Beyoncé, Shatta Wale, Major Lazer – ALREADY (Official Video) from #BlackIsKing via @lisafordblog
I haven’t posted Beyonce’ in a while on this website, but damn the Queen killed it with her new film, Black Is King, playing on Disney+. The art, the colors, the costumes, the storyline, the African musicians, the dancer, everything is so perfect. The mixture of Hip Hop and African music was a gamechanger for me. And this video features the multi-talented Nigeran artist, Shatta Wale…an excellent collaboration choice.
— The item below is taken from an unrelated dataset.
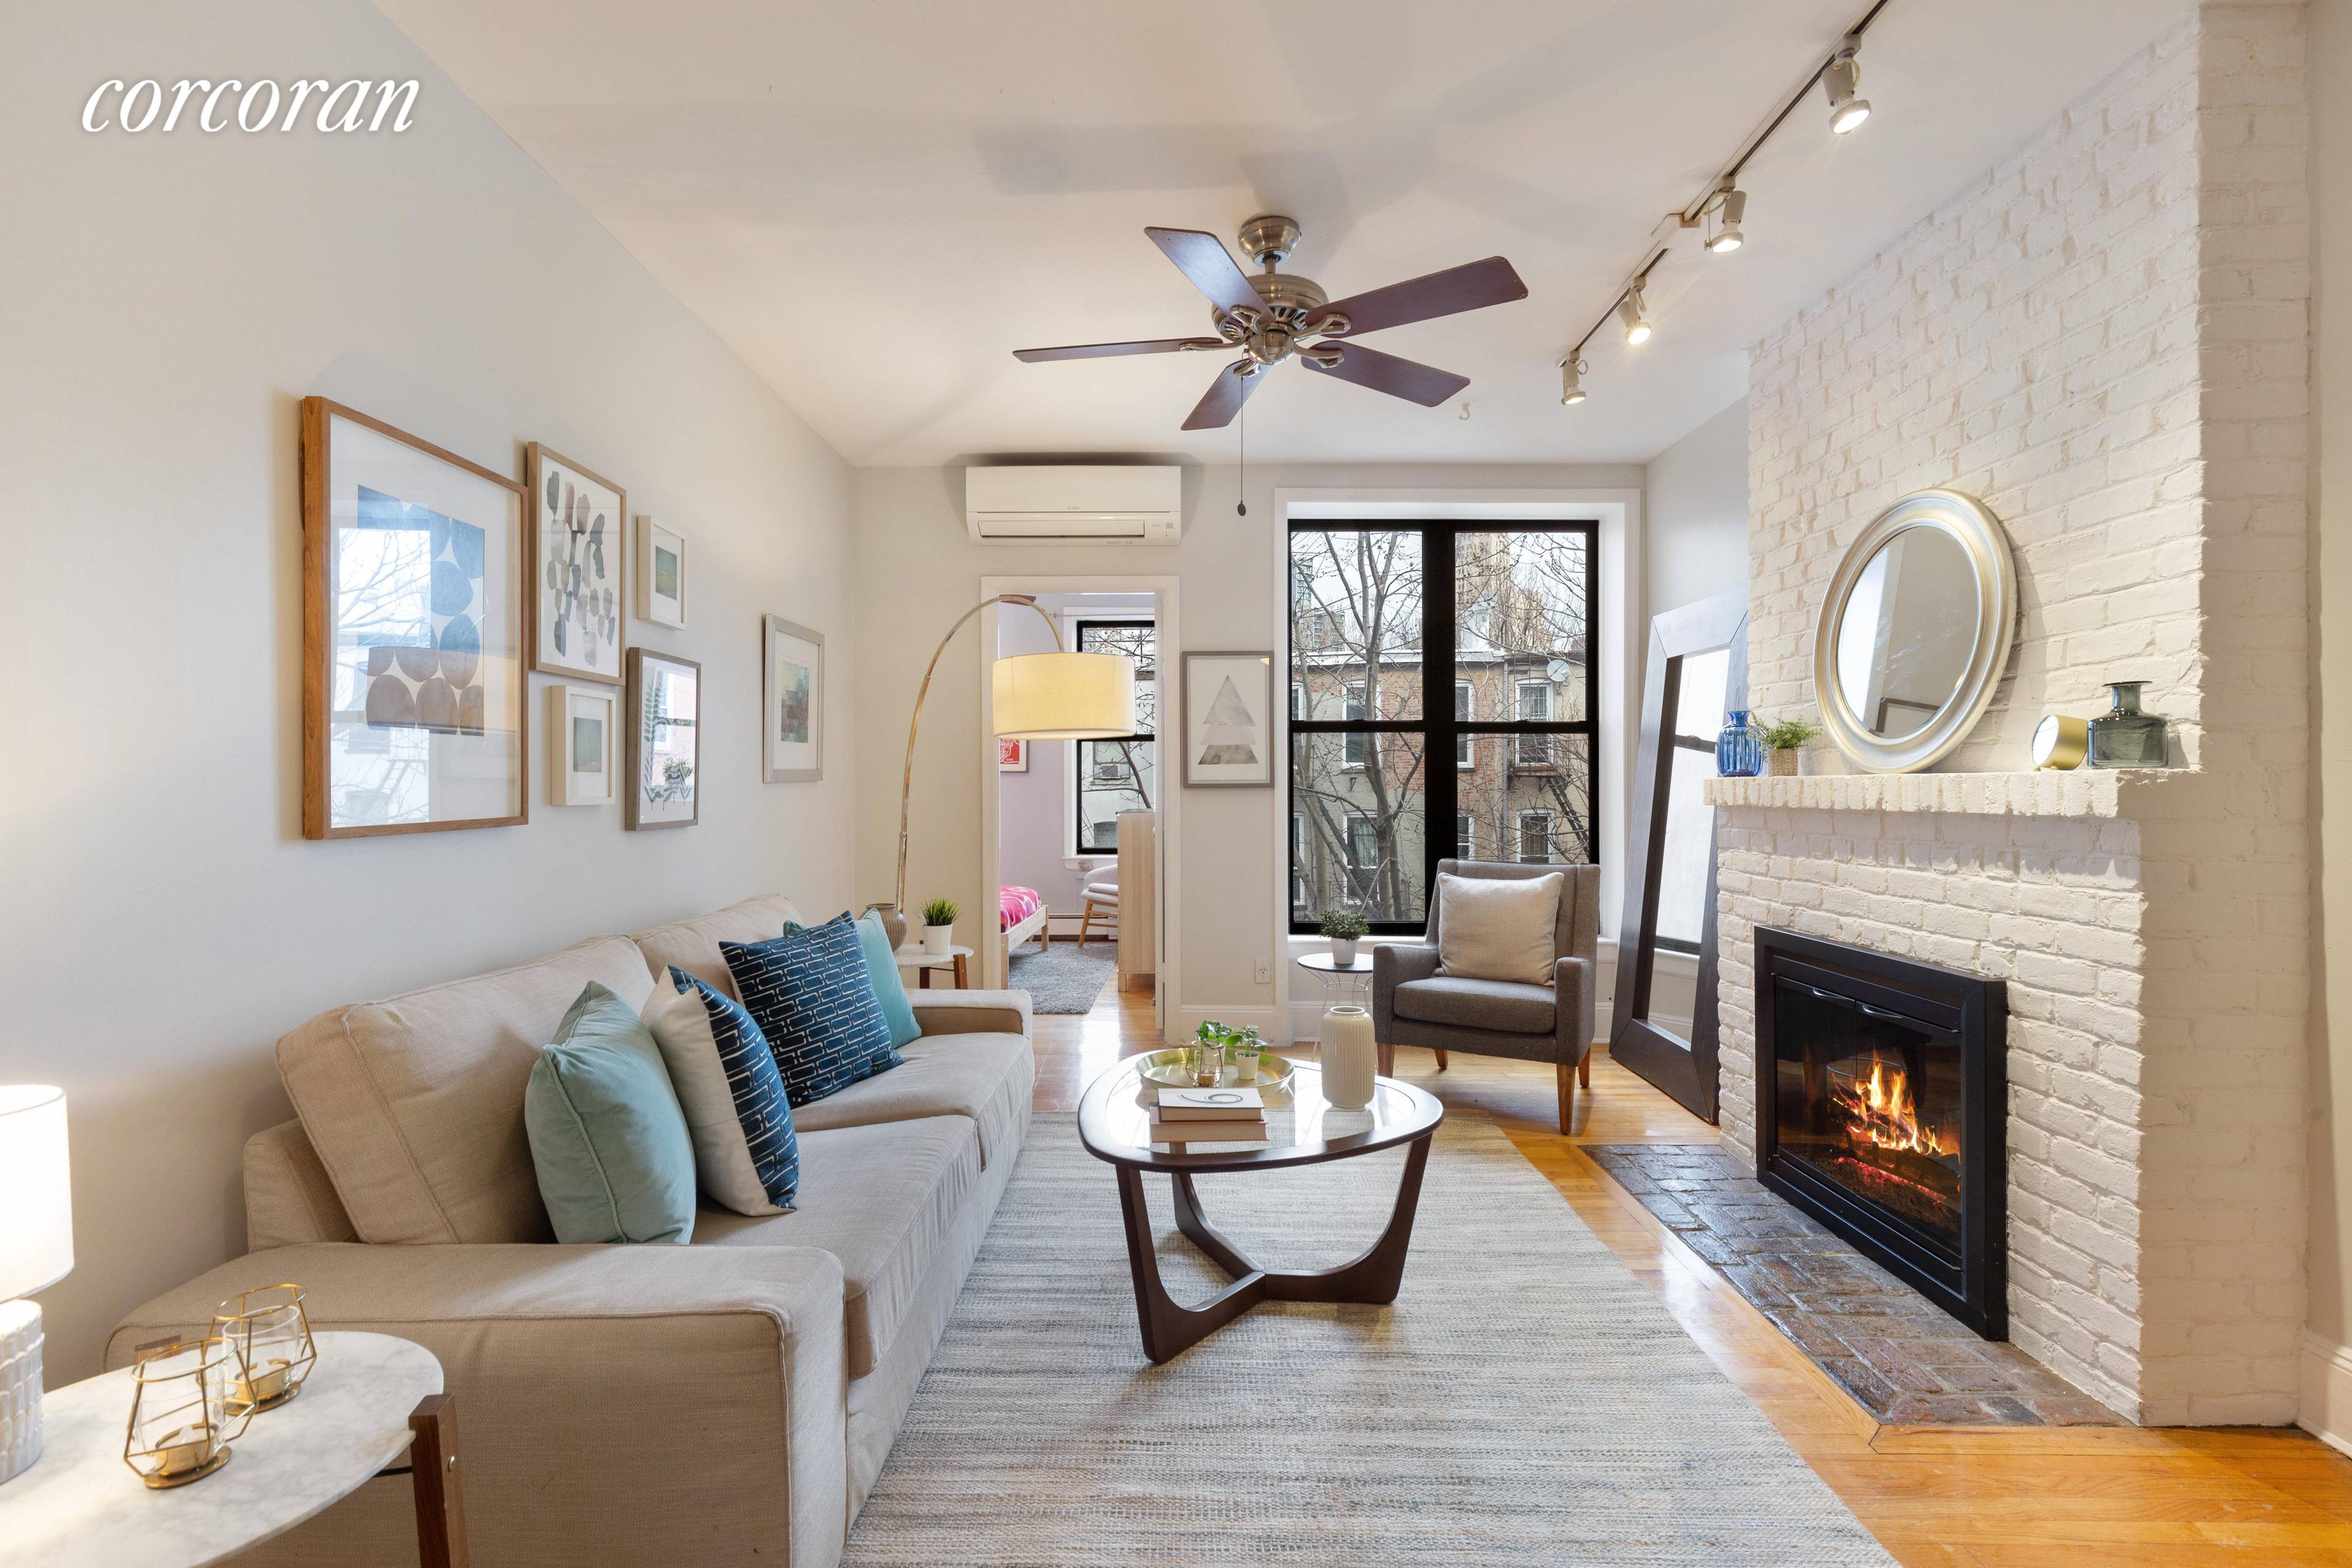 At the crossroads of Boerum Hill and Park Slope this lovely two bedroom, one bath apartment has a wonderful feel and a great layout that maximizes every inchA no space ...

It’s just pure art. Every single scene, shot, moves is perfectly executed and has a big meaning. Beyonce’ took a crazy amount of time to perfect this and you can clearly see it. I love love love love it. Vulture writes,
Black Is King blurs the lines between film, music video, photography, poetry, and nature documentary in its exploration of the themes of The Gift, elevating what, last year, looked like a promotional tie-in selling Bey’s appearance as Nala in Disney’s odd photorealistic Lion King remake into a stand-alone experience of its own, whose plot points, insofar as they can be understood as such, dovetail sparingly with the most dramatic turns in Simba’s hero’s journey but otherwise seem refreshingly uninterested in telling that story again. Here, there is also a king in exile seeking a restoration to greatness. But this time, the king is you, the viewer — and/or the Black diaspora spread out over the globe and poignantly lacking, as the film suggests overtly and covertly, a close connection to the millennia of African history from which we are descended. Black Is King is a full immersion in that beauty, guided by African artists, actors, and dancers, honoring African fashion, music, and spirituality. We’ve seen this move play out before, particularly in the ’80s and ’90s, when the American entertainment industry took great interest in South African apartheid and responded with films like Cry Freedom and The Power of One and albums like Artists United Against Apartheid’s Sun City and Paul Simon’s Graceland. But those were Anglo-American works often lacking an authoritative African or even nonwhite voice. Black Is King, like Homecoming, seems uninterested in the white gaze.